Landmark $43 Billion Takeover Of Syngenta Clinched By ChemChina
ChemChina and Sygenta said that to clinch its $43 billion takeover of the Swiss pesticides and seeds group, ChemChina has won more than enough support from Syngenta shareholders.
China's desire to use Syngenta's portfolio of top-tier chemicals and patent-protected seeds to improve domestic agricultural output prompted the deal which was announced in February 2016. This is the biggest foreign takeover to date by any Chinese company.
The international market for agricultural chemicals, seeds and fertilisers is being reshaped and reorganized by a number of mergers and acquisitions and this deal is just one of several such deals happening in the industry.
Bayer's proposed plan to merge with Monsanto and a $130 billion proposed merger of Dow Chemical and DuPont are among the other larger deals in the sector.
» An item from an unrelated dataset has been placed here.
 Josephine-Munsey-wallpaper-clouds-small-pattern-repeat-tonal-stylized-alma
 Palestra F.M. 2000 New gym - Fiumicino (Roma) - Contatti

however, fears among farmers that the pipeline for new herbicides and pesticides might slow has been triggered by the trend toward market consolidation.  As a condition for approving the Syngenta deal, regulators have required some divestments.
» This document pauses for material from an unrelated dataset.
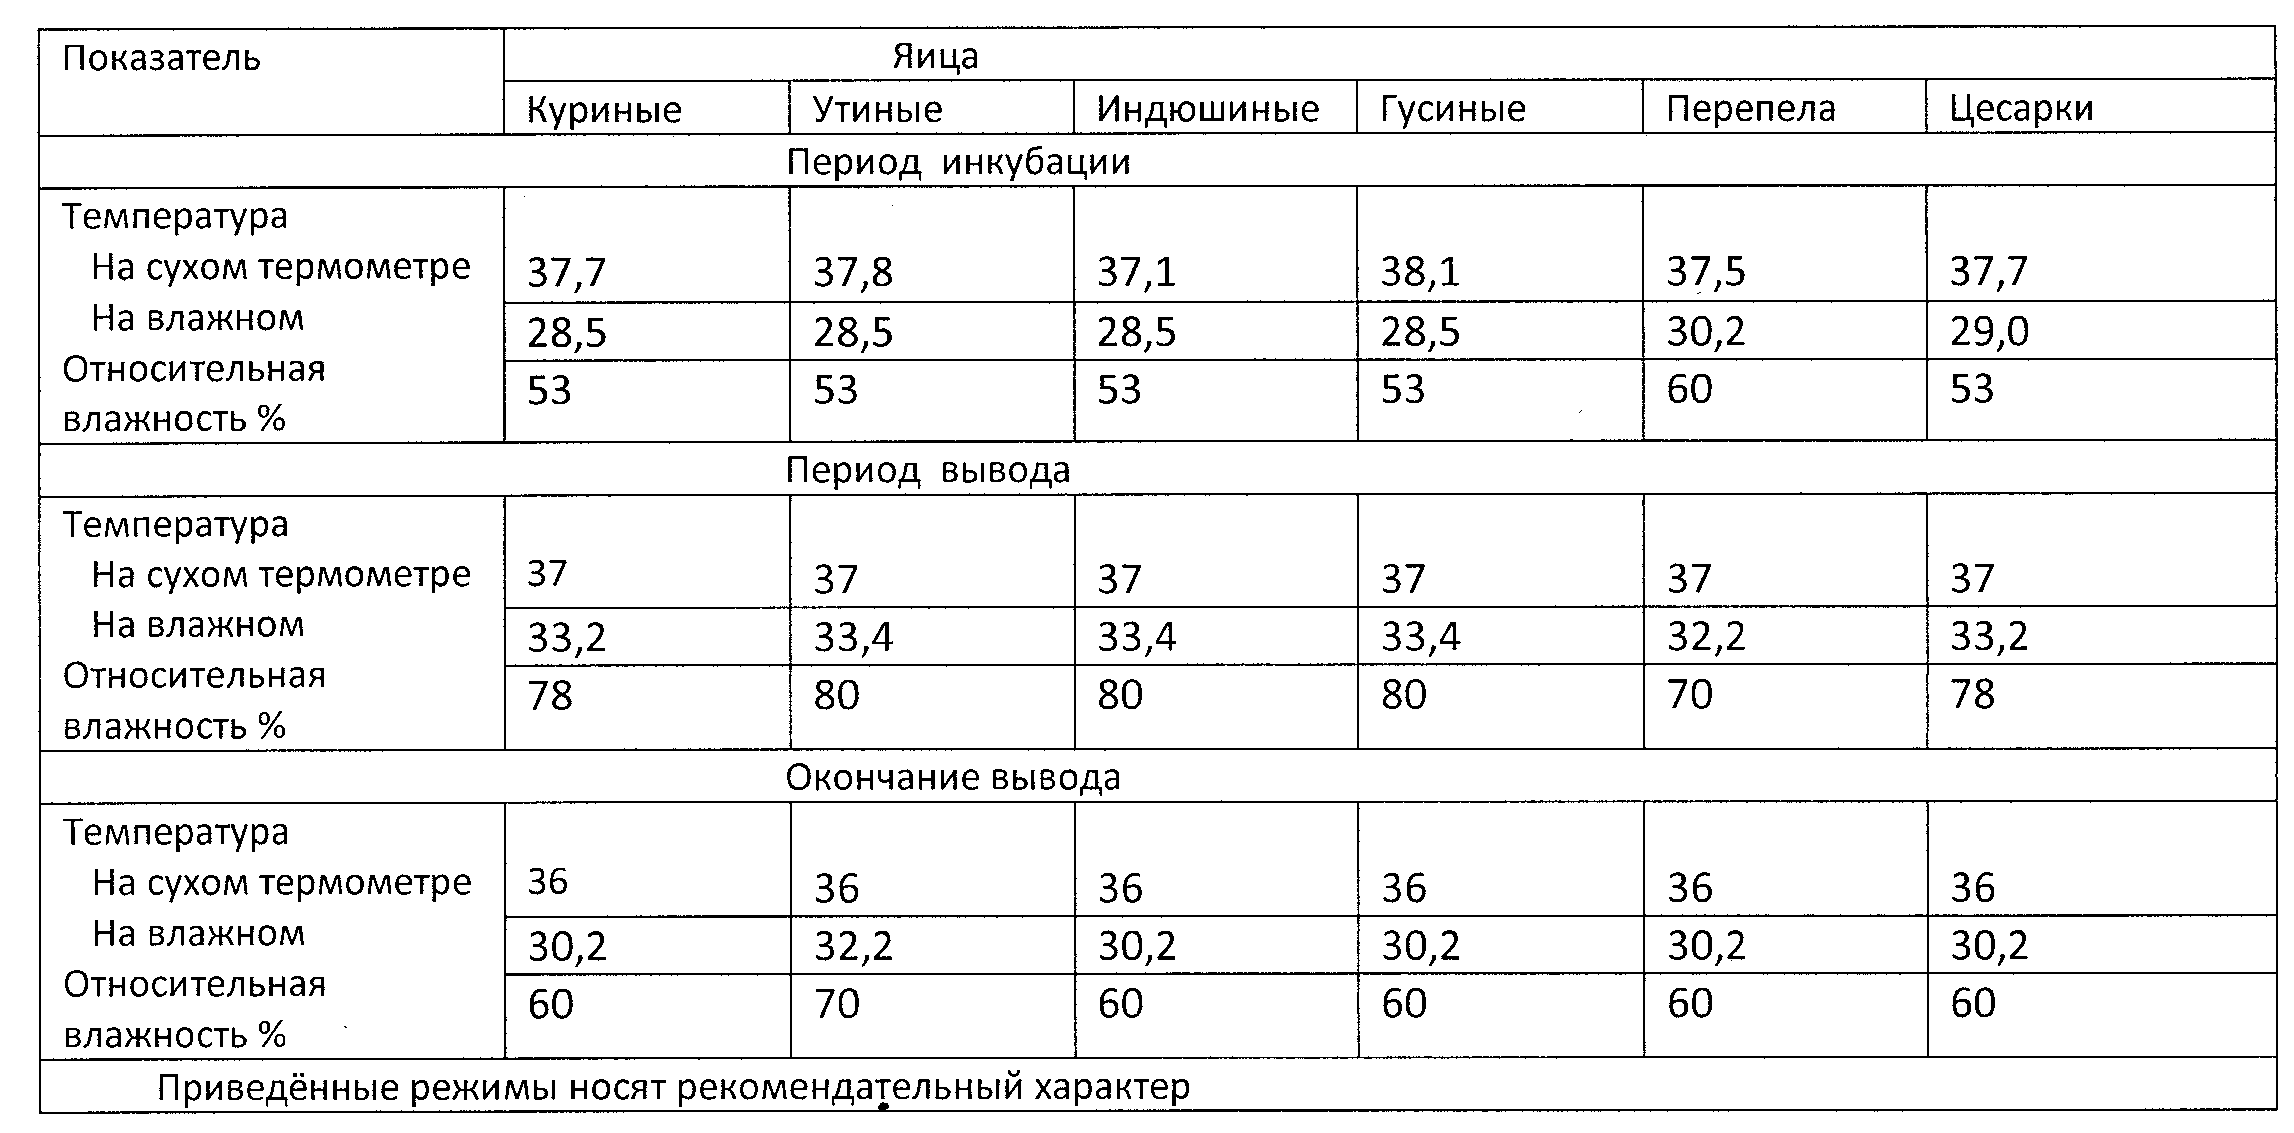 Таблица инкубации индюшиных яиц в инкубаторе

Both the companies said in a joint statement that marking over and above the minimum threshold of 67 percent support, around 80.7 percent of Syngenta shares have been tendered, based on preliminary numbers.
$465 per share is the agreed offer. Syngenta shares rose 0.4 percent in early trade on Friday to 461.20 francs after closing on Thursday at 459 Swiss francs ($464.5).
After the payment of a special 5-franc dividend to holders of Swiss-listed shares on May 16 and the start of an additional acceptance period for shareholders, the transaction is set to close on May 18. The he special dividend in July will be available for holders of U.S.-listed depositor receipts.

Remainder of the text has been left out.